10 things you (probably) didn’t know about Jonathan Coe...
A few things the satirist has (largely) kept under wraps...
- In a recent Guardian interview, he lists the motivating factors in his writing as “force of habit, financial necessity and lack of talent in other areas.”
- In the same interview, he recalls that his favourite books as a child were the Jennings series by Anthony Buckeridge. “They're set in a posh prep school for boys. It was nothing like my primary school but that didn't bother me at all when I read them. In fact I never noticed it. They made me want to be in that school in the same way that watching Porridge made me want to go to prison.”
- Jonathan once wrote songs for a feminist cabaret group called Wanda and the Willy Warmers.
- He credits his grandfather for getting him into books: “He introduced me to Sherlock Holmes (who I loved) and PG Wodehouse (who I didn't)”.
- Coe’s novel The Rotters' Club is named after an album by mid-Seventies experimental rock band Hatfield and the North.
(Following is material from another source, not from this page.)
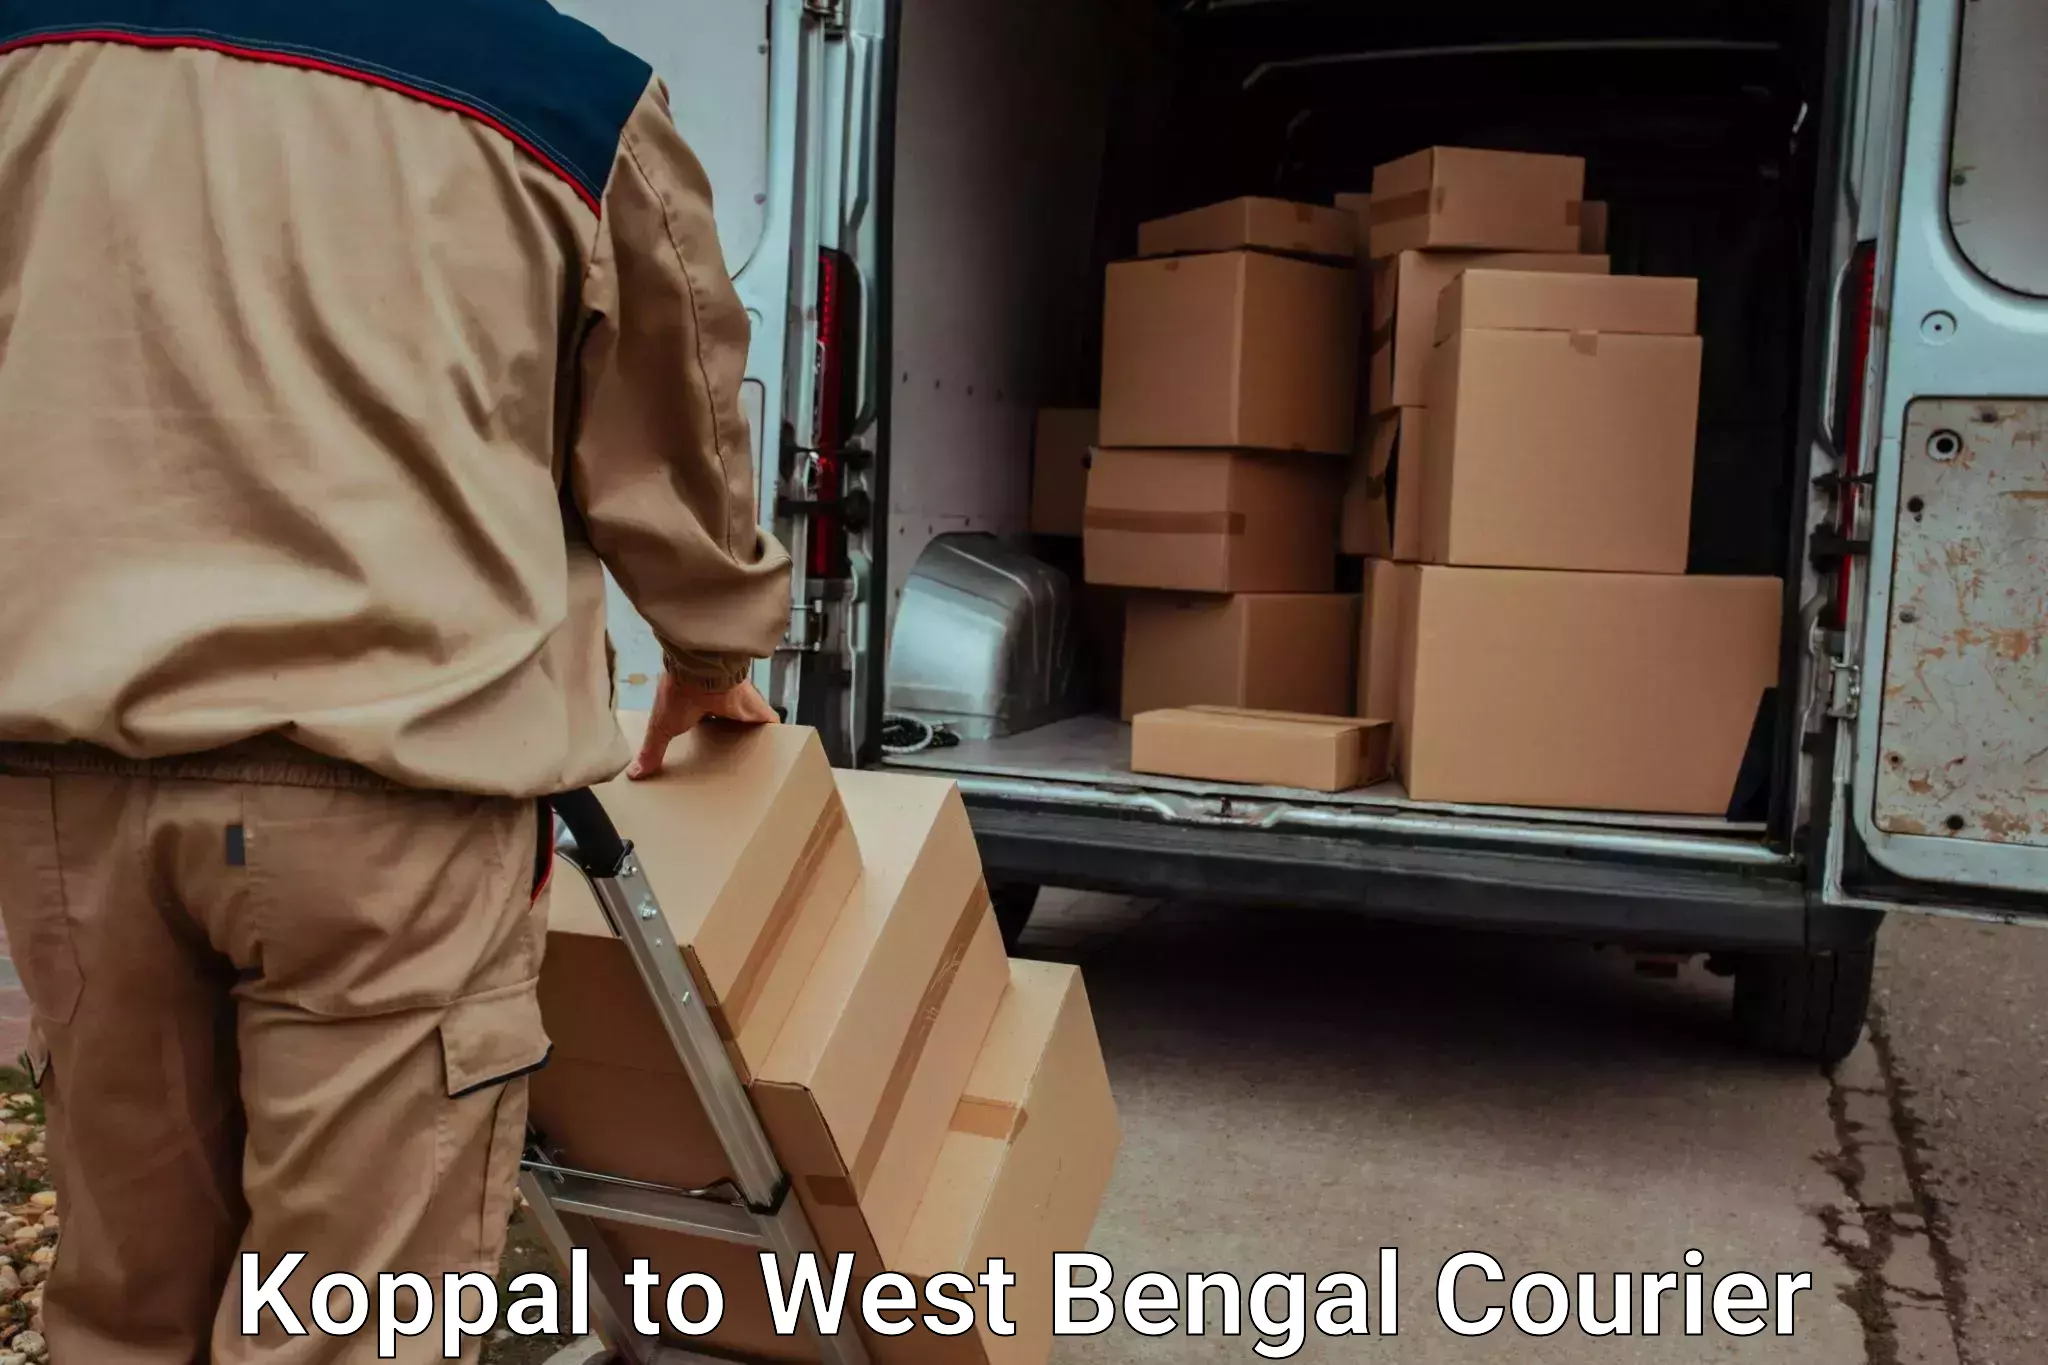 Furniture moving experts Koppal to Bongaon

- To mark the publication of What a Carve-Up! in1994, Penguin printed a special set of playing cards, based on Happy Families, featuring cartoons of the Winshaw family instead of the usual characters.
- He lists the best ever advice he received as coming from novelist Beryl Bainbridge: “[she] told me that I shouldn't be reviewing fiction for the newspapers because she felt there was something wrong about passing public judgment on your fellow writers' work. I ignored her for about five years and then realised I agreed with her. So now I keep my opinions to myself (and reviews, after all, are just opinions) unless I am wildly enthusiastic about something.”
- John Crace’s acerbic ‘Digested Read’ column for The Guardian summed up Coe’s previous novel, The Rain Before It Falls as: “Every picture tells a story. Though not a very interesting one.”
- Other alumni of Jonathan’s school – King Edward’s in Birmingham – include novelist Lee Child, critic Kenneth Tynan, poet EA Houseman, politician Enoch Powell, and former Goodie Bill Oddie.
- In 2009, Coe took part in Oxfam’s annual Bookfest, working in, and assembling a window display for the organisation’s Bloomsbury bookshop. He chose satire as his theme and filled his window with books by or about authors such as Michael Moore, Bill Hicks and Peter Cooke.